▸ **Information supplied**

↓↓↓

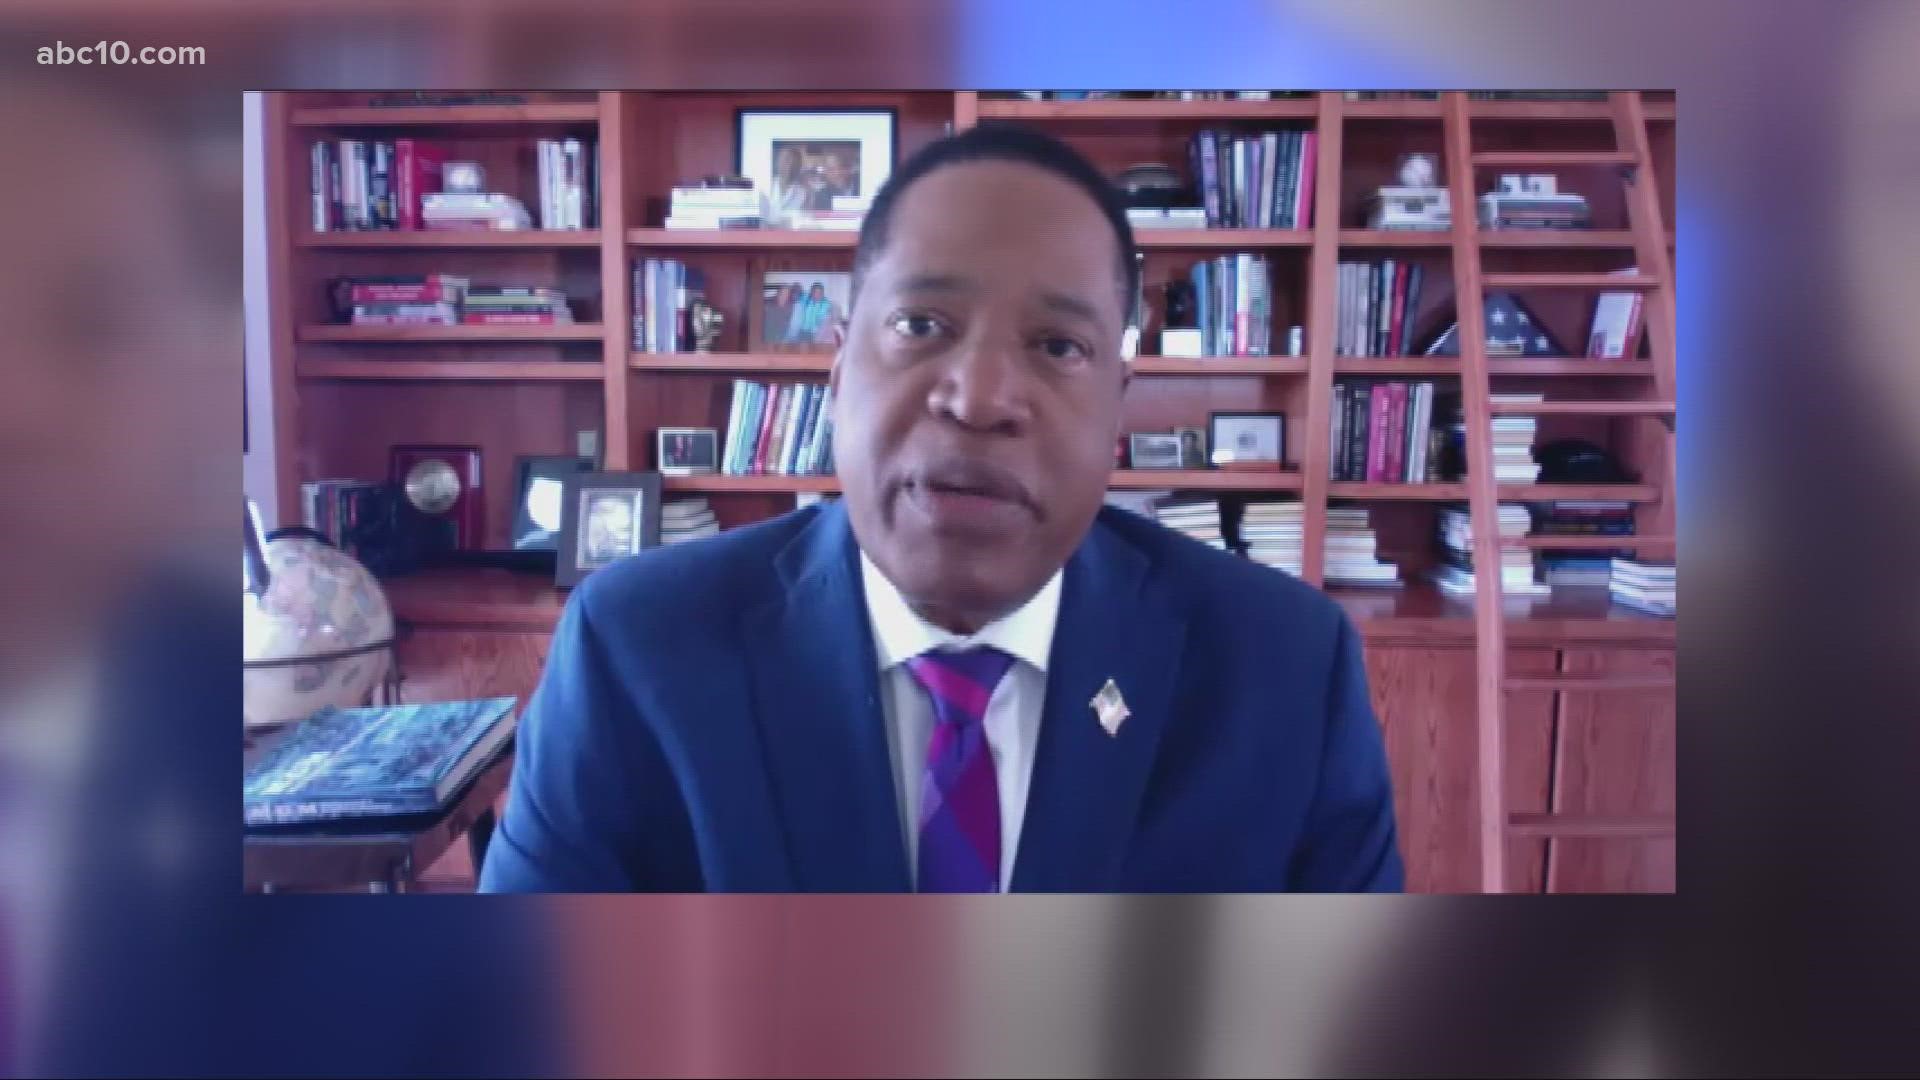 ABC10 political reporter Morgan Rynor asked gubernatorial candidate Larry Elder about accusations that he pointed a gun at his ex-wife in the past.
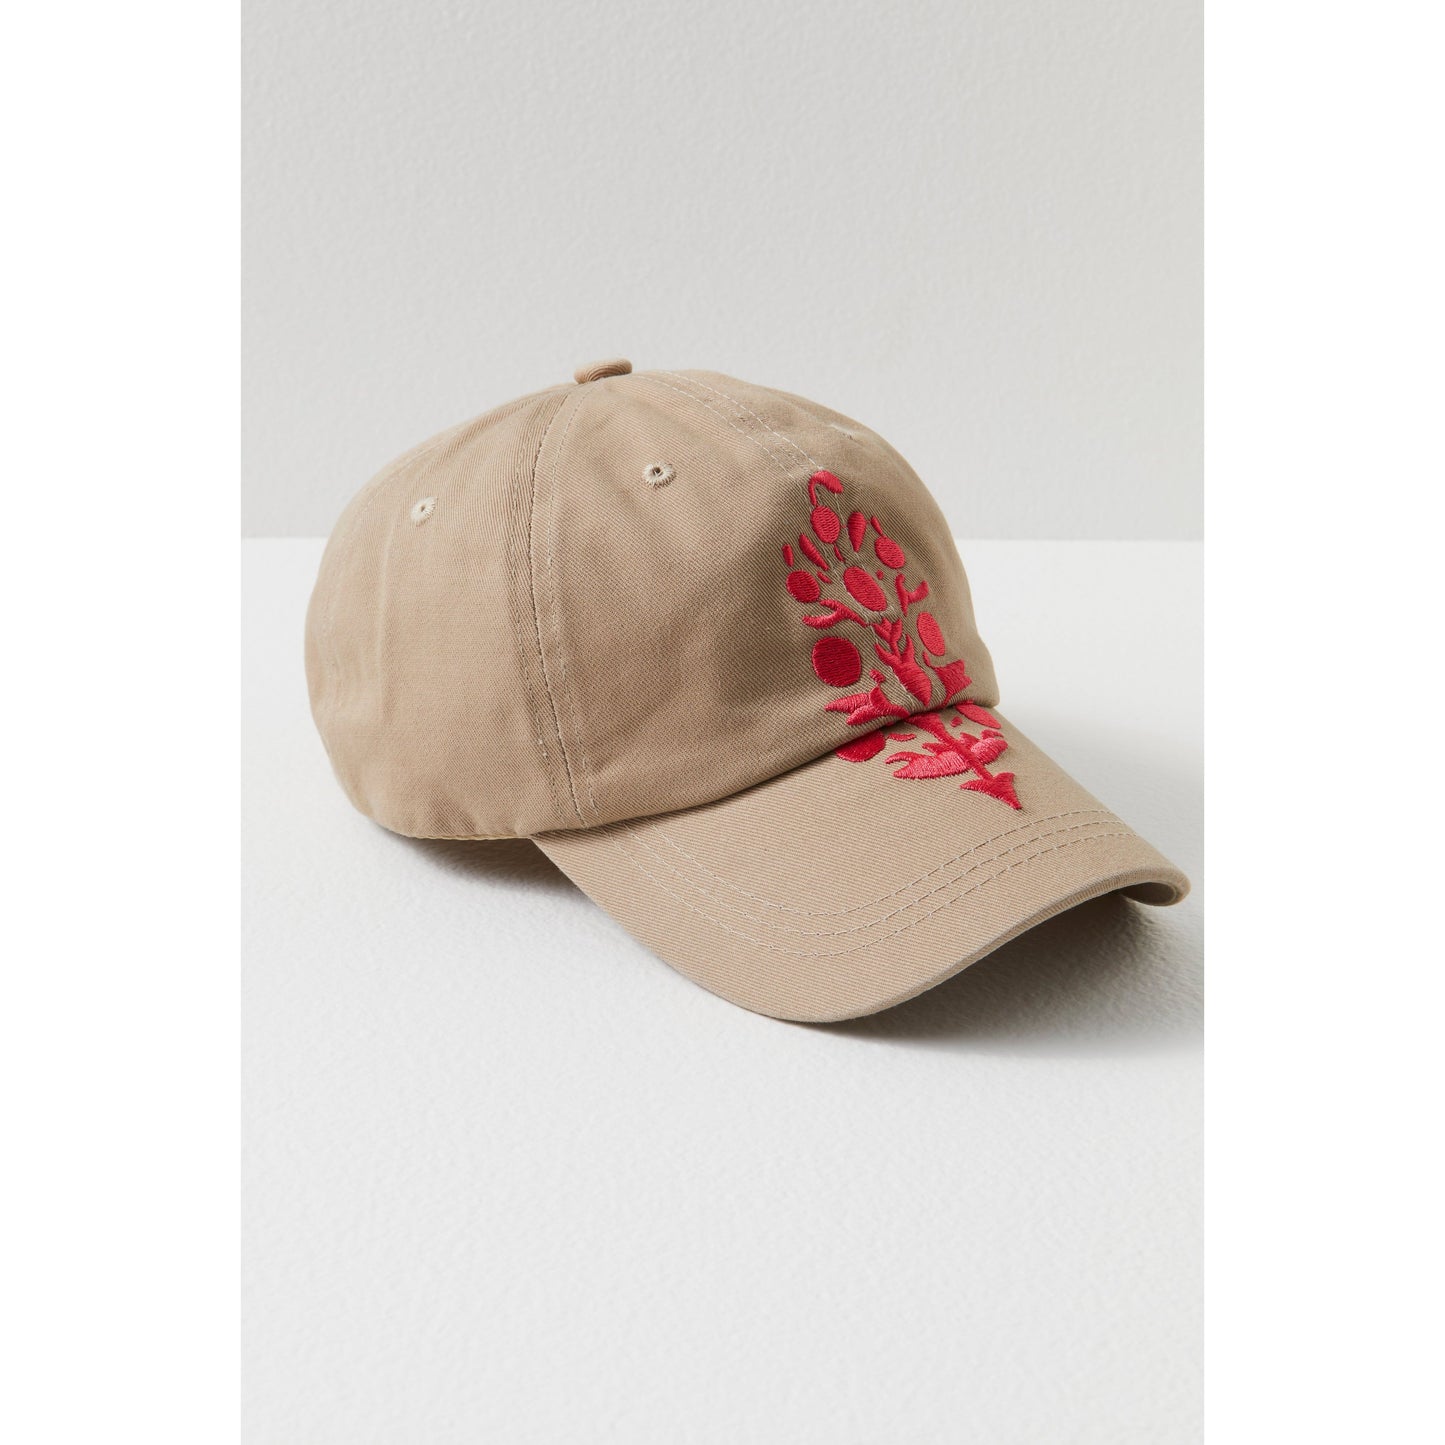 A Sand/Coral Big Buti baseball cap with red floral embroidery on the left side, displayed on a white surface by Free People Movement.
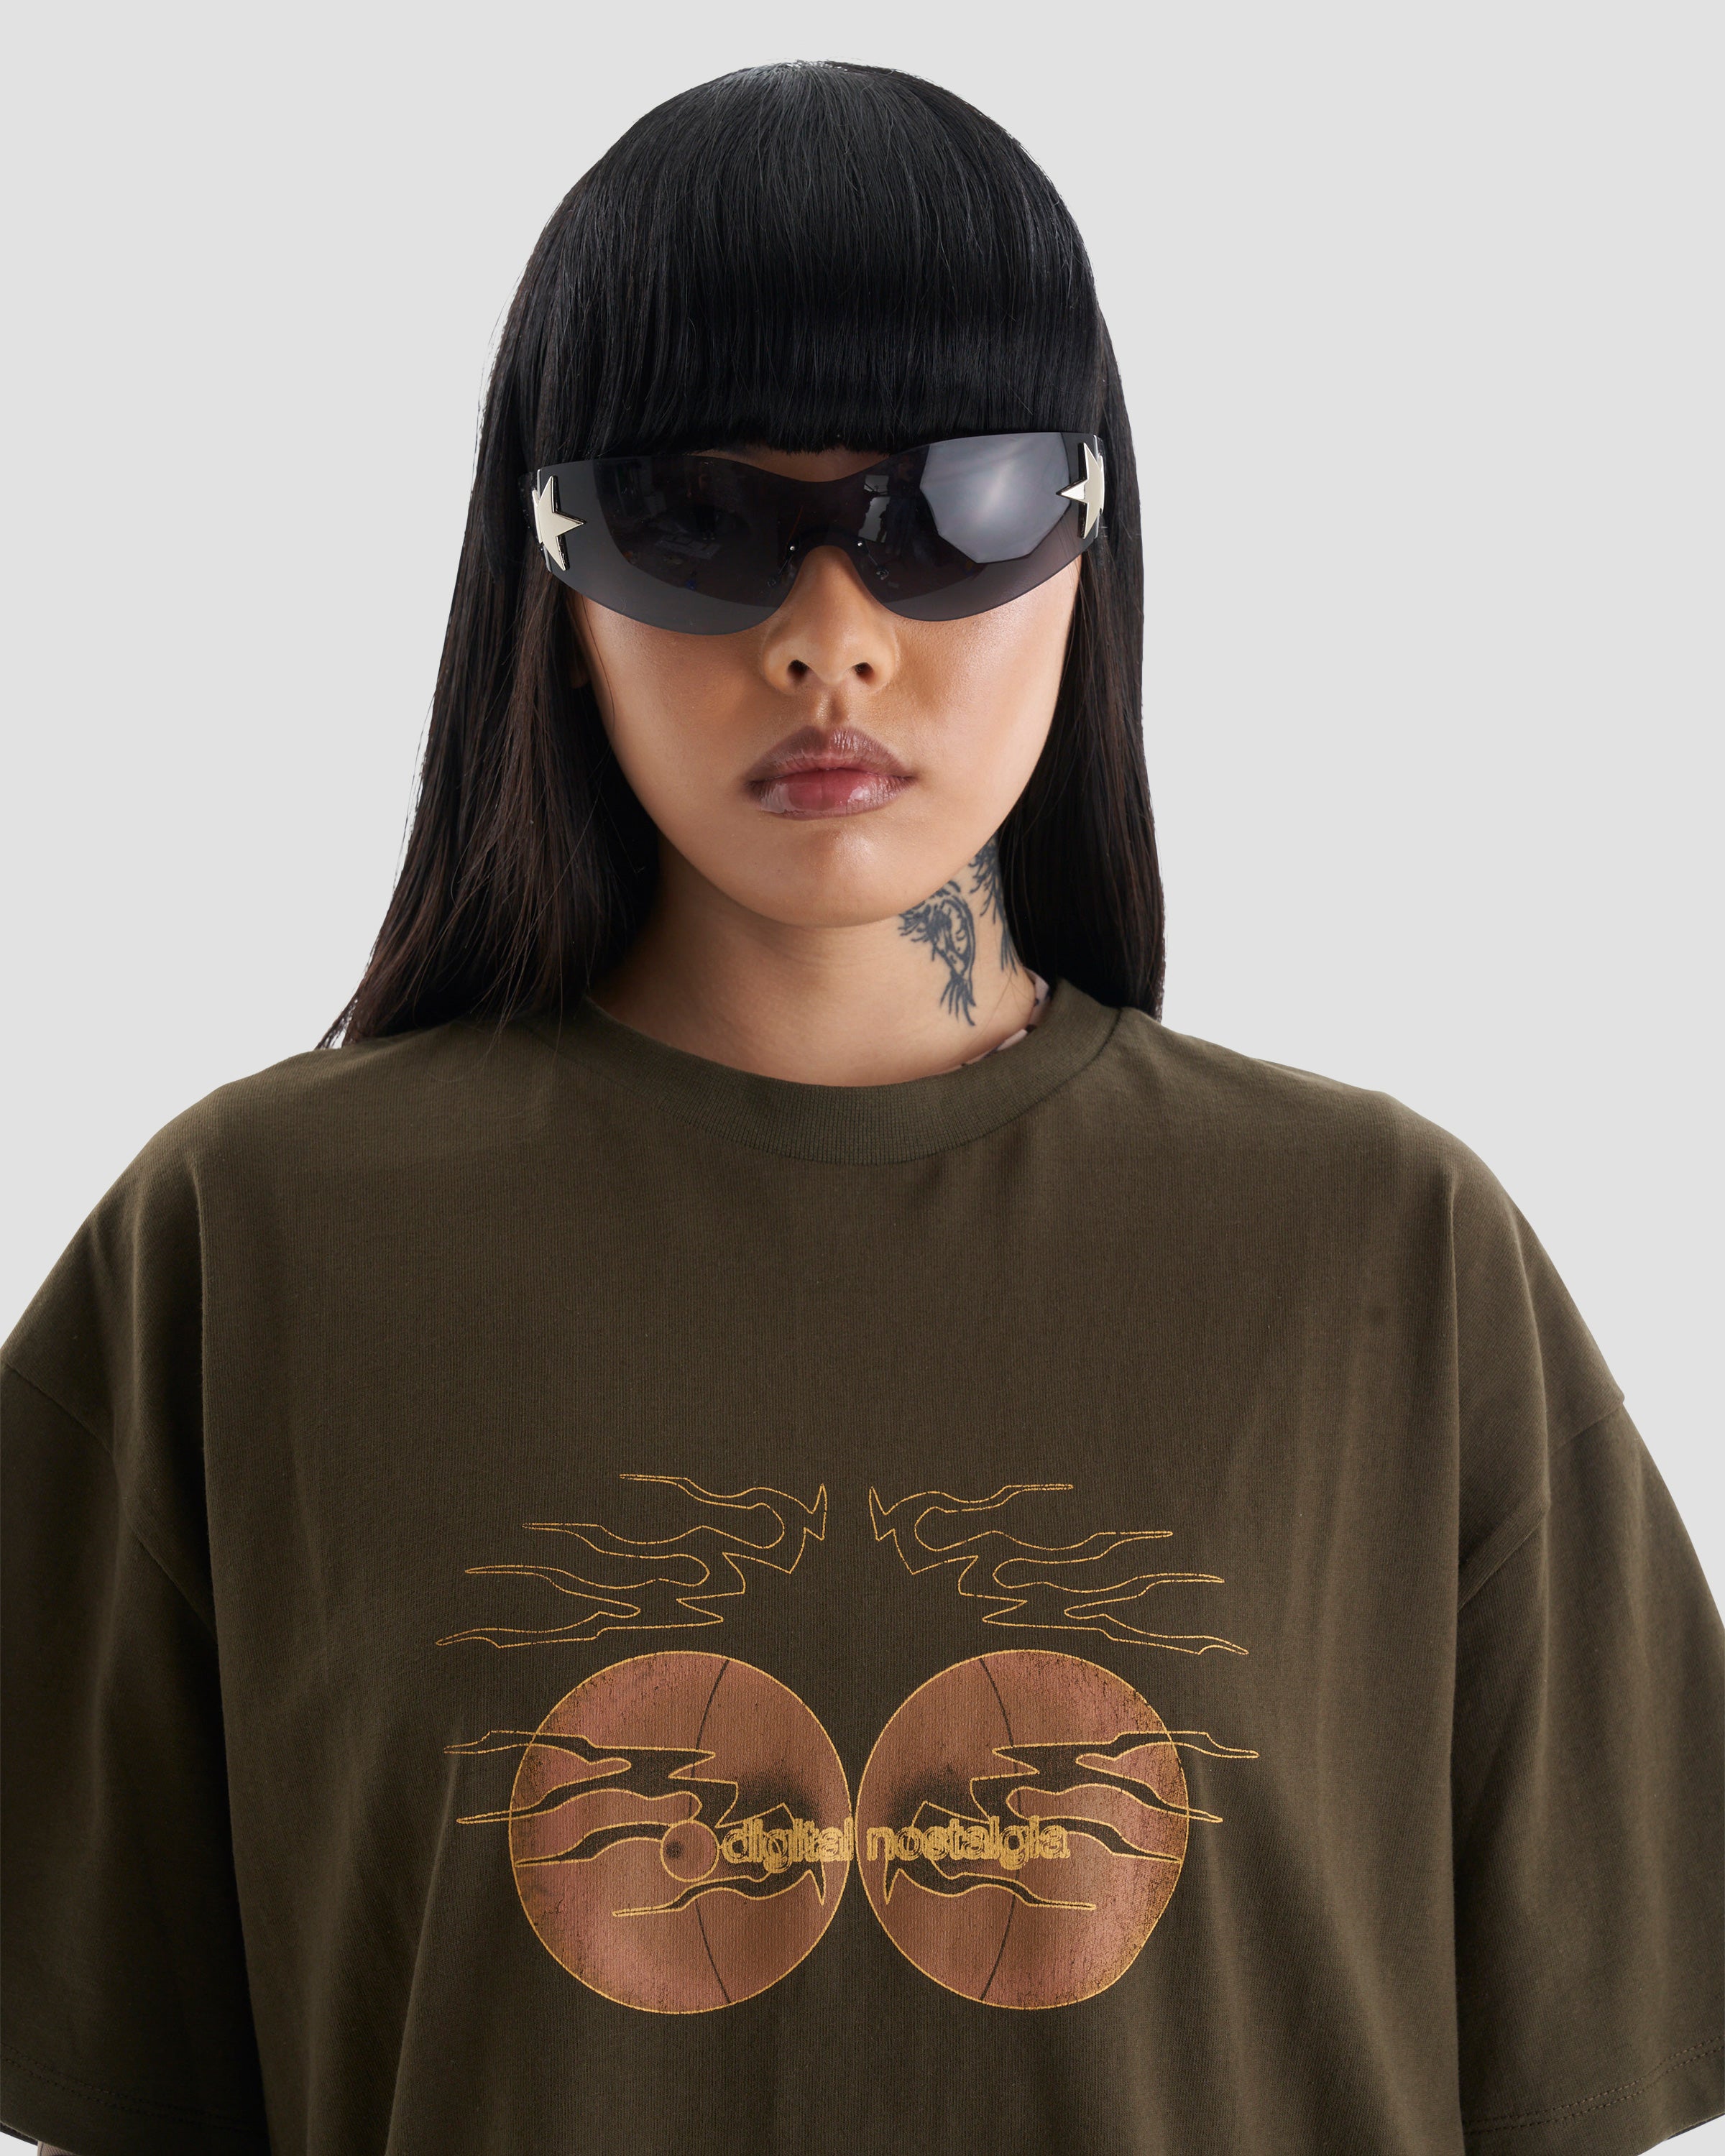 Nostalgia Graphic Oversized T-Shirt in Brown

↑↑↑

▸ **Brief**
Starting at the line that holds "A Sand/Coral Big", copy each line exactly through the end of the listing, both ends included. Leave the pictures out.

▸ **Task output**
 A Sand/Coral Big Buti baseball cap with red floral embroidery on the left side, displayed on a white surface by Free People Movement.
 Nostalgia Graphic Oversized T-Shirt in Brown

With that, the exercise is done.